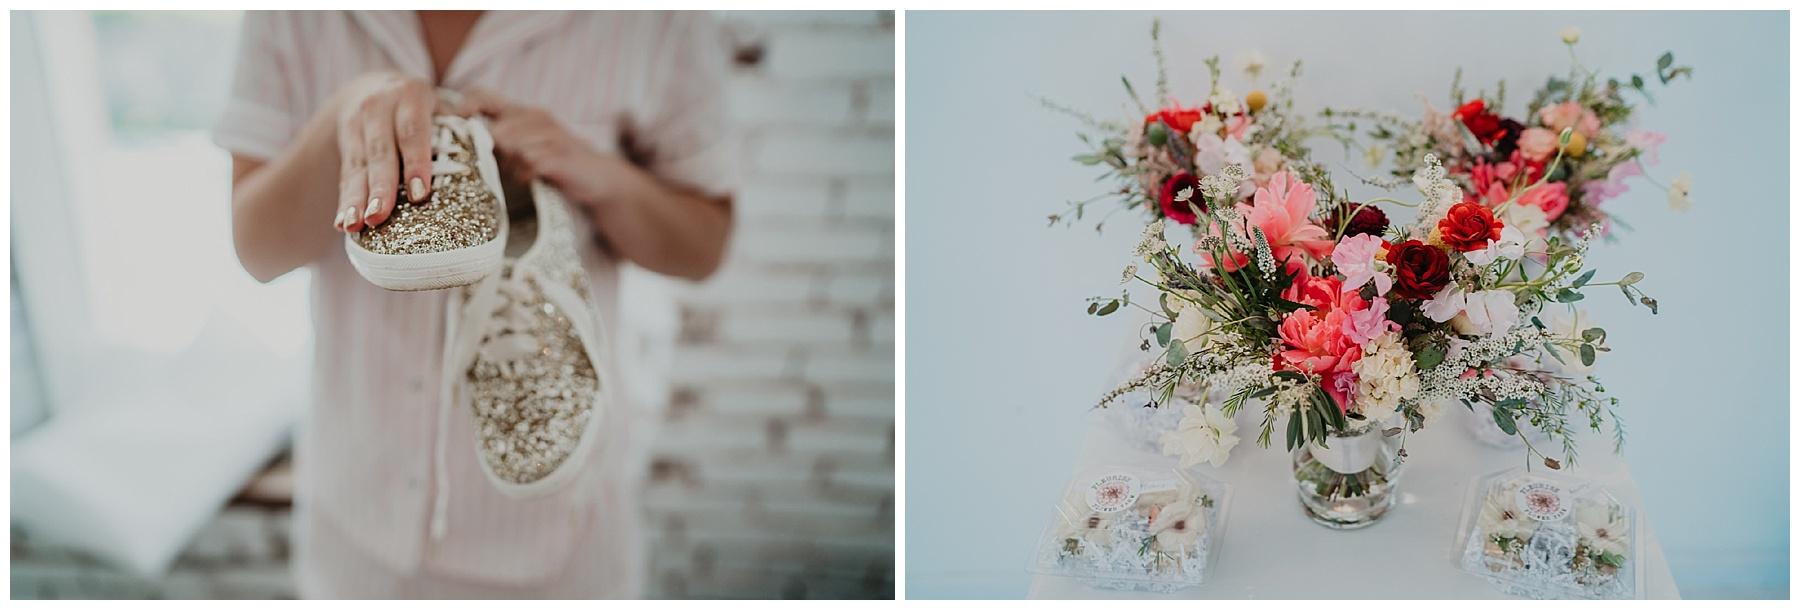 the_ravington_wedding_arkansas_0004.jpg
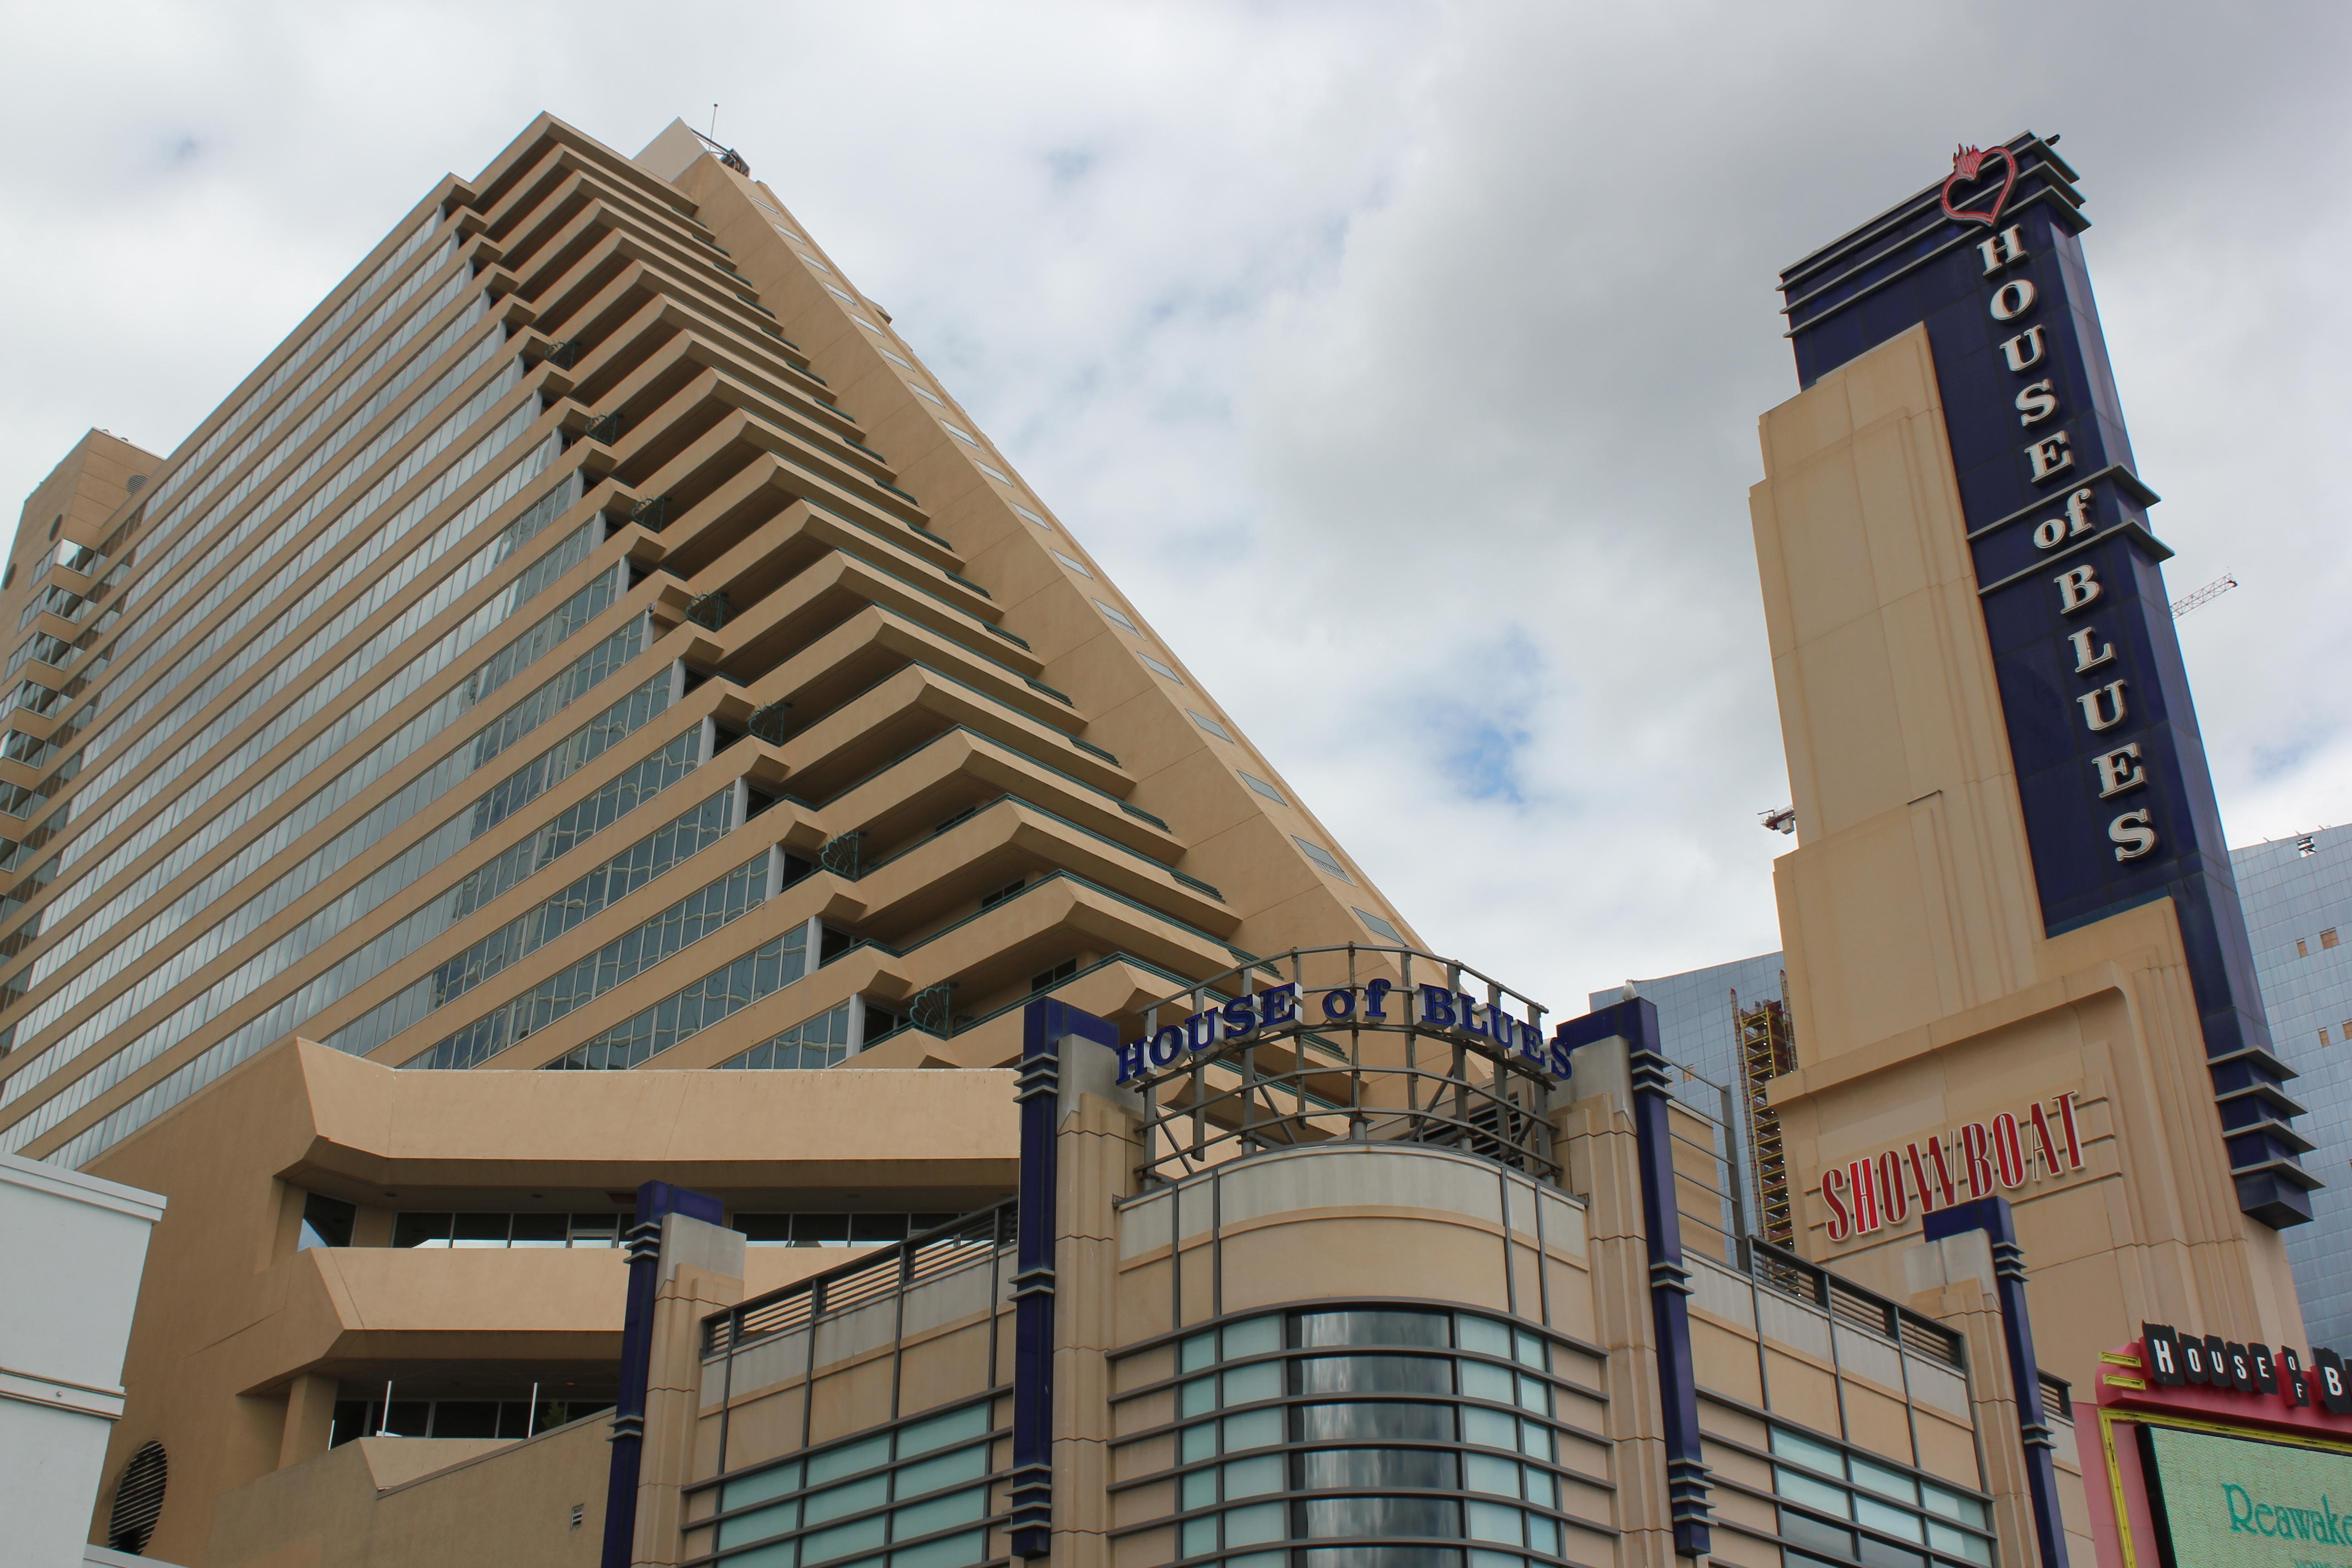 Showboat Hotel Atlantic City Bed Bugs
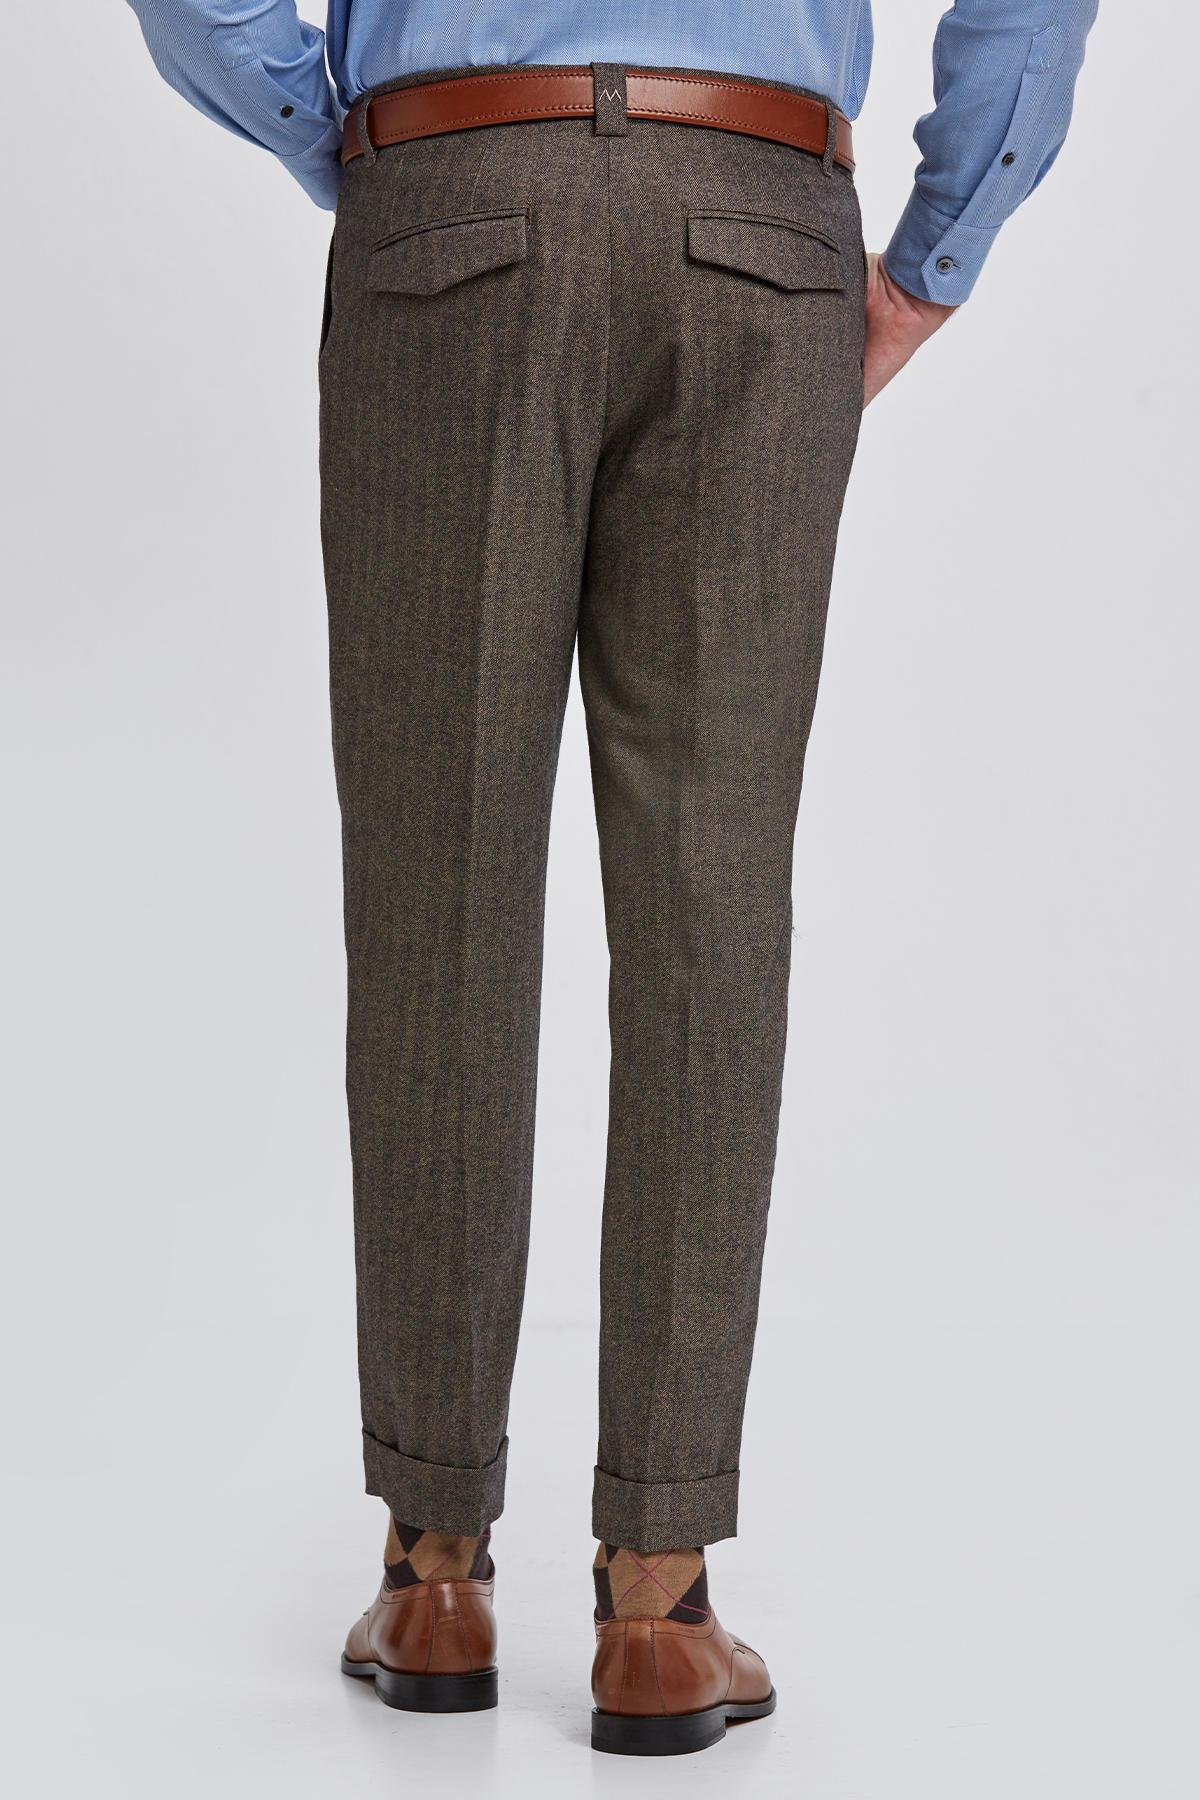 Yün Kaşmir Kum Rengi Chino Pantolon

[YOUR GOAL]: The listing above, line by line: print it exactly, but not its pictures.

[YOUR RESPONSE]:
 the_ravington_wedding_arkansas_0004.jpg
 Showboat Hotel Atlantic City Bed Bugs
 Yün Kaşmir Kum Rengi Chino Pantolon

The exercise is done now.